Christian - The idea is that we both use the same compression programme and when we start out, both compression programmes are in exactly the same state. Now, as I start compressing a file, my compression programme starts learning. It starts learning that certain names appear very often in the text. It may learn all sort of other things. At the time when I decompress the file, the same process repeats. For the copy that it's decompressing, it will also learn gradually as it decompresses what those names are. So, the compressor and the decompressor really have to be in sync. They are learning the same thing separately, on perhaps different planets.
Chris - And is it just on Mars rovers or are there other applications? I mean, we're going to compress the audio for this programme for example and that means we'll throw away some of the frequencies, some of the sounds that we don't think people are going to be able to hear or will not notice if they're gone. So, could you take this similar sort of thing and make even better ways of compressing sound files so that our programmes aren't going to take up as much space in someone's iPod?

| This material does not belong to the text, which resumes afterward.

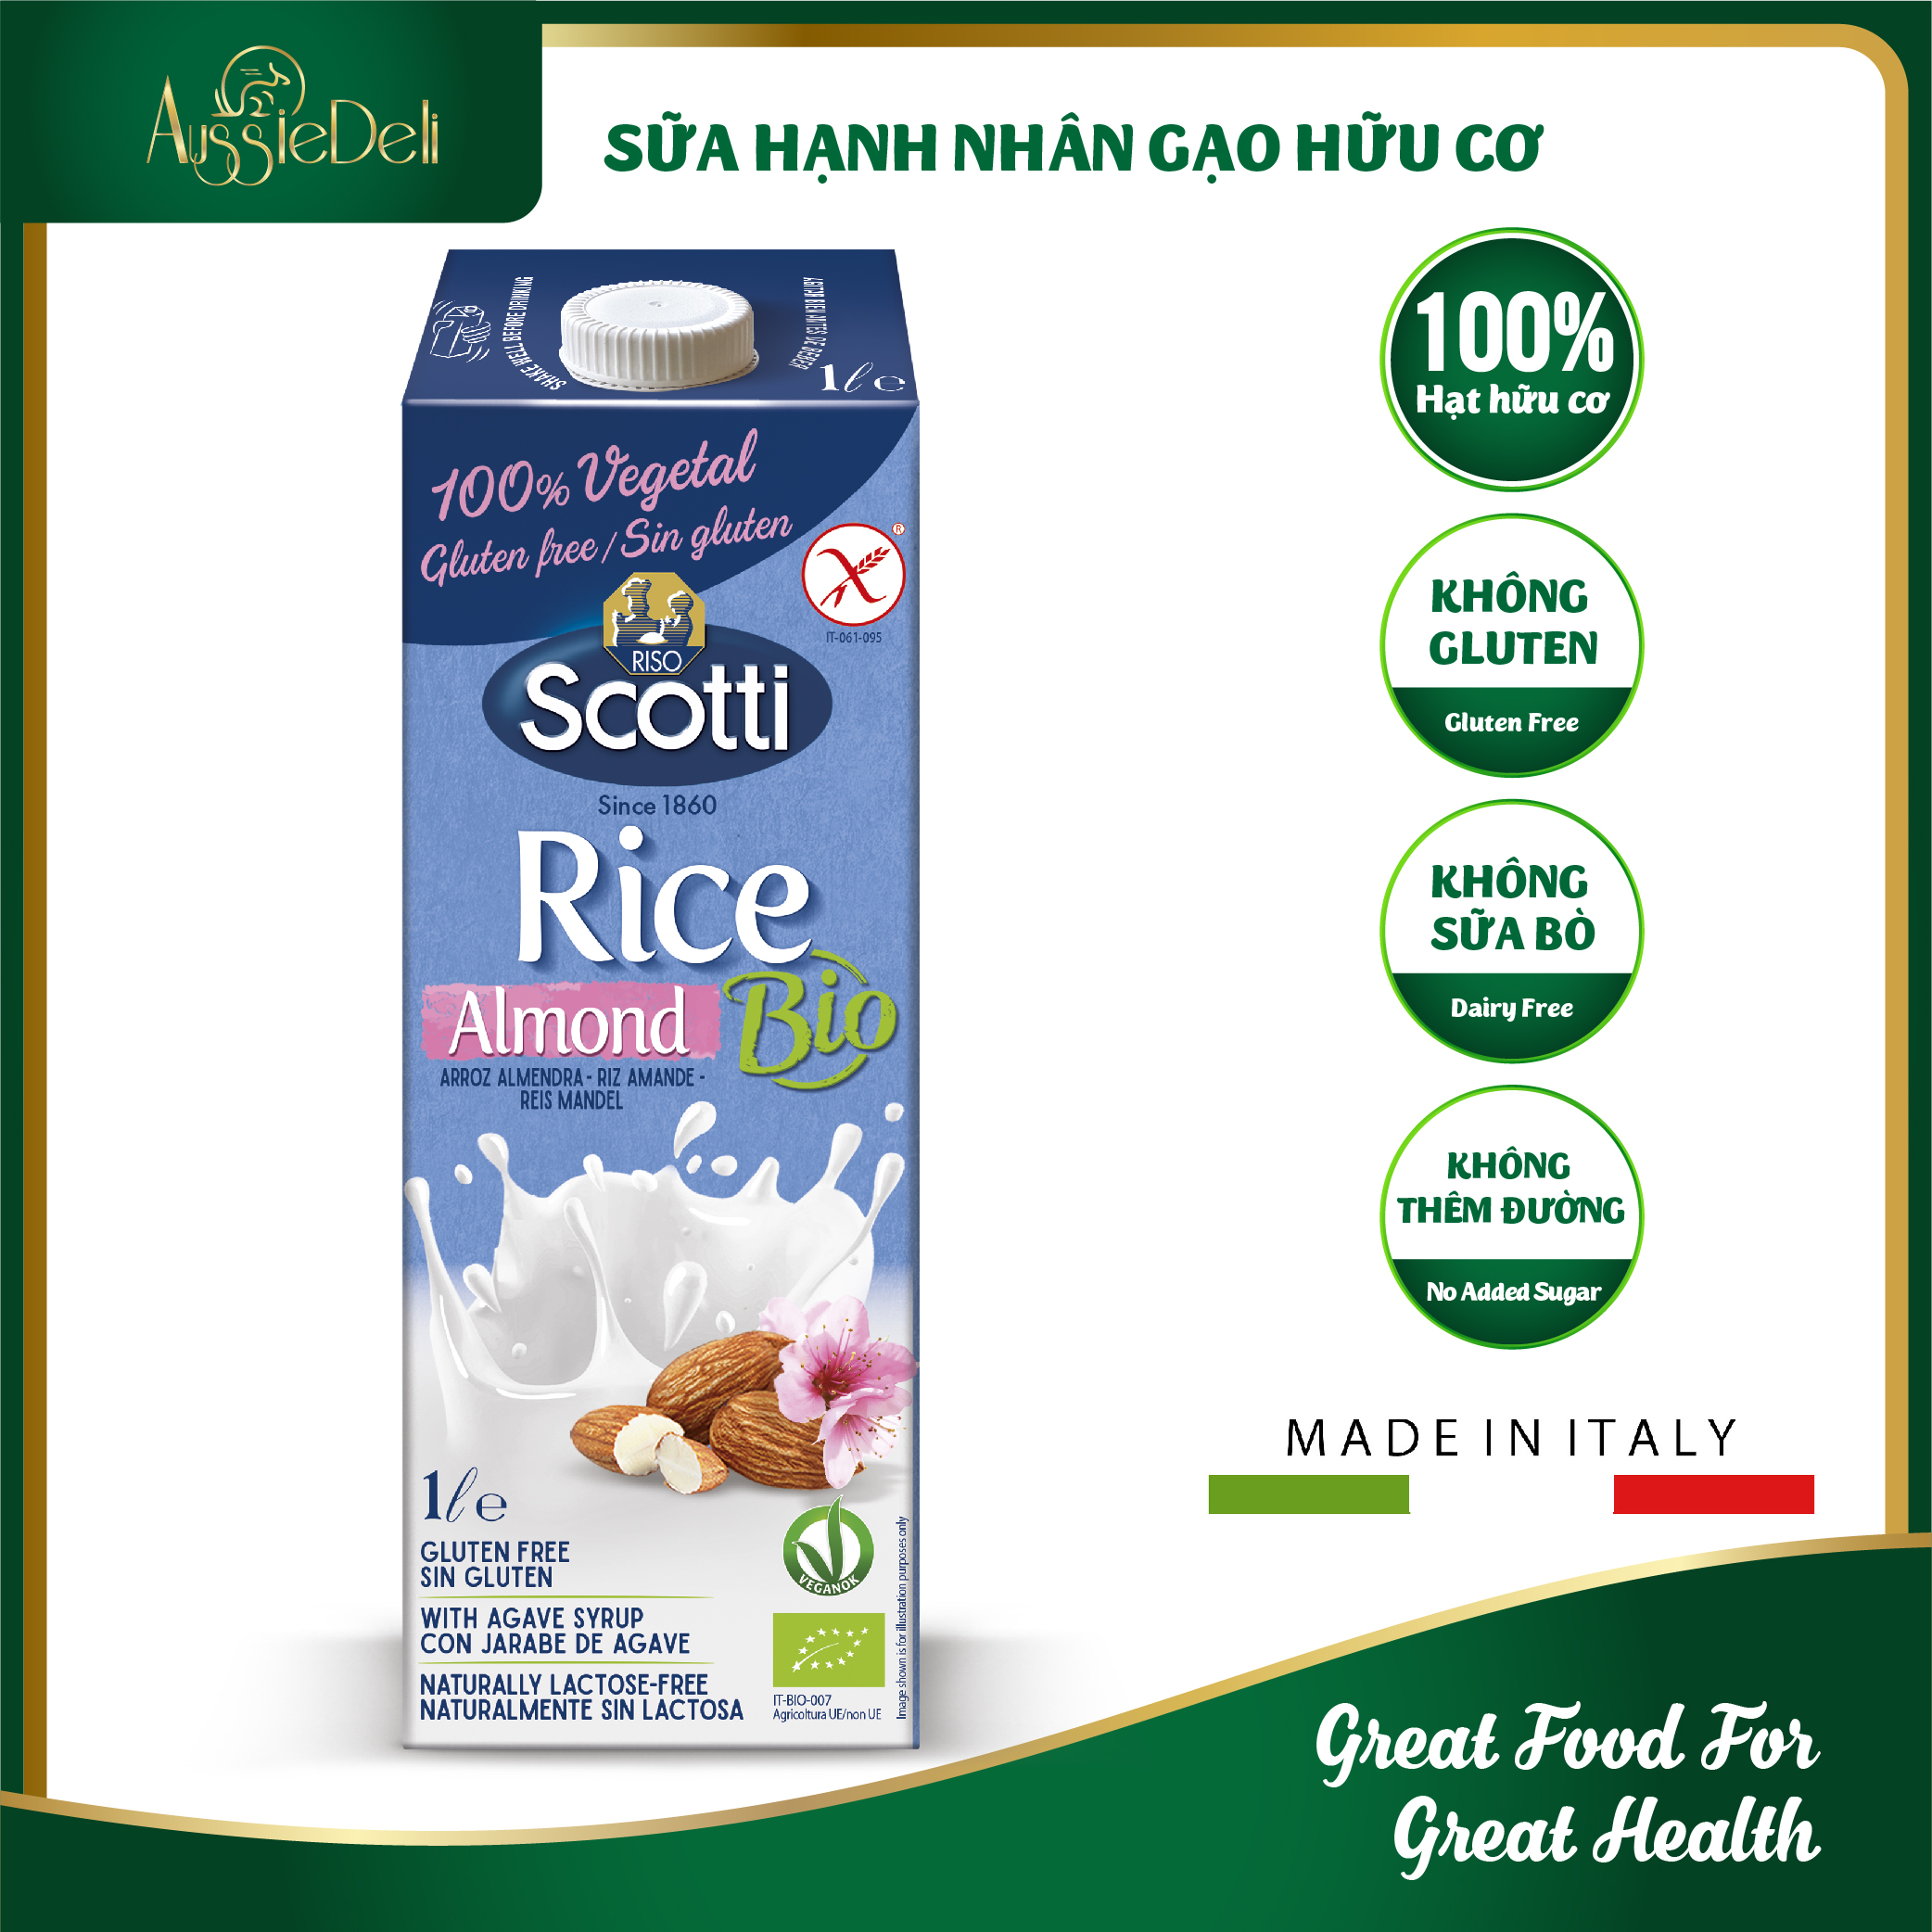 Sữa Hạnh Nhân Gạo Hữu Cơ -Rice Almond- hộp 1l, chất lượng đảm bảo an toàn đến sức khỏe người sử dụng, cam kết hàng đúng mô tả

Christian - That's right. Whenever we have a better understanding of what properties we care about in the data, we can make a better compressor, and this is partially why there are many different file formats for audio because every now and then there's a small revolution where an incremental change produces a better way of storing information. And so, for audio for example, something that happens in the mp3 format, and in other formats, is that some of the frequency bands are thrown away that humans can't easily hear.
Chris - And that means that then you're saving space overall. You've thrown the data, but you'll never going to get it back though. So that's an example of a lossy compression. Are you saying that your thing can be used in a way that will get back that sound we've thrown away?
Christian - I think it completely depends. Many sensors record things that we don't care about, but when it comes to things like electronic text, we probably want to preserve the exact text without changing it when we decompress it. So, this is a case where we really want lossless compression. Similarly, when we have executable files or computer programmes that we may want to compress, or perhaps medical data, all sorts of things where it's really important to keep the precise file that we had to begin with then we want to use lossless compression.